Hello everyone. I'm somewhat new to world of G-scale railroading. So far, I've taken the easy way out in adding sound to my layout. First there was a LGB mogul with sound preinstalled. Then I purchased an LGB sound tender for my PRR 2-4-0. I want to add sound to my other two locos (LGB diesel switcher and LGB forney). My layout is analog and I dont' see myself converting to DCC anytime soon.

I've decided to start with the diesel switcher. My thought is that the easiest way would be to use the LGB 65003 sound unit but I'm not sure if it will fit in the loco. Has anyone ever accomplished this install? Should I go a different route such as using Phoenix sound?

Thanks so much for y'all's help!


----------



## adelmo (Jan 2, 2008)

I installed a Phoenix sound unit and LGB decoder in my SVR cat switcher. The speaker was a Phoenix O gauge size and located in the cab roof. The sound is booming and capable for outdoor and analog operation. Highly recommend this setup. 

I don't think the LGB sound/speaker unit would fit but not certain. The Forney is a very tight and difficult install for any sound. 

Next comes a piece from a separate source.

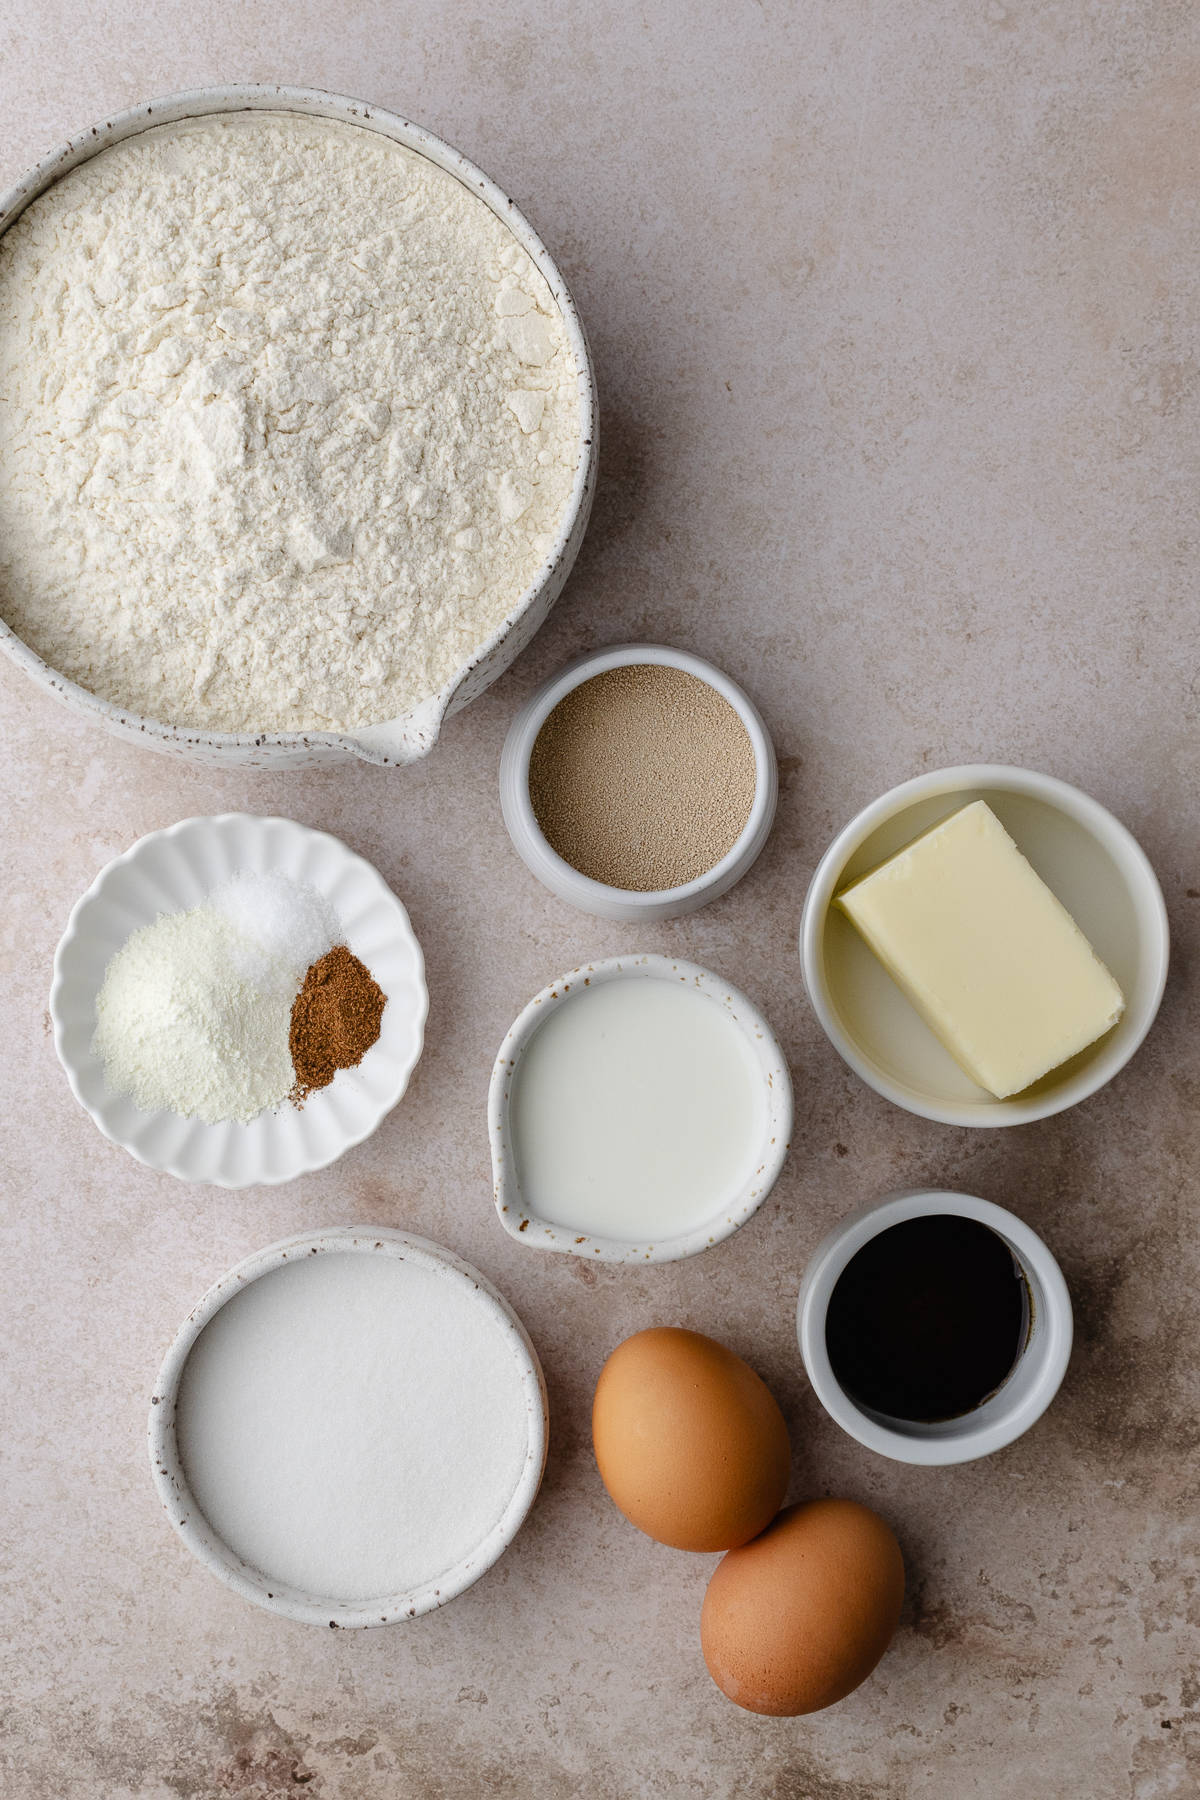 Brioche dough ingredients

Good Luck and keep us posted. 

Alan


----------



## nickpenn19 (Nov 2, 2009)

Thanks Alan. 

Looking like Phoenix is the way to go in the forney. For the diesel, how difficult was the install? I may add the diesel sound to a trailing car just to avoid the headache! 

Nick


----------



## Dan Pierce (Jan 2, 2008)

Which Diesel? 

The older 2063 D&RGW has lots of room. Newer version is tight due to the new weights used (no lead for weight anymore). 
On mine, I cut the grill and placed a speaker behind the grill with a brass colored mesh. A square speaker fit perfectly on the rear of the grill. 

The Forney sound (2k2 wit speaker and battery) from Phoenix sound fits nicely in the fuel box as do the switch and programming jack(both are on the bottom of mine). 
I have installed these in several forneys for friends. 

PS, retail price wise, the Phoenix and the LGB are similiar in price, but the Phoenix has many programmable features and can be reprogrammed to another engine if desired. LGB 6500x series is fixed sound and you must but the reed switches and power backup caps separately which places the cost if you need these above the phoenix. Both have DCC capability.


----------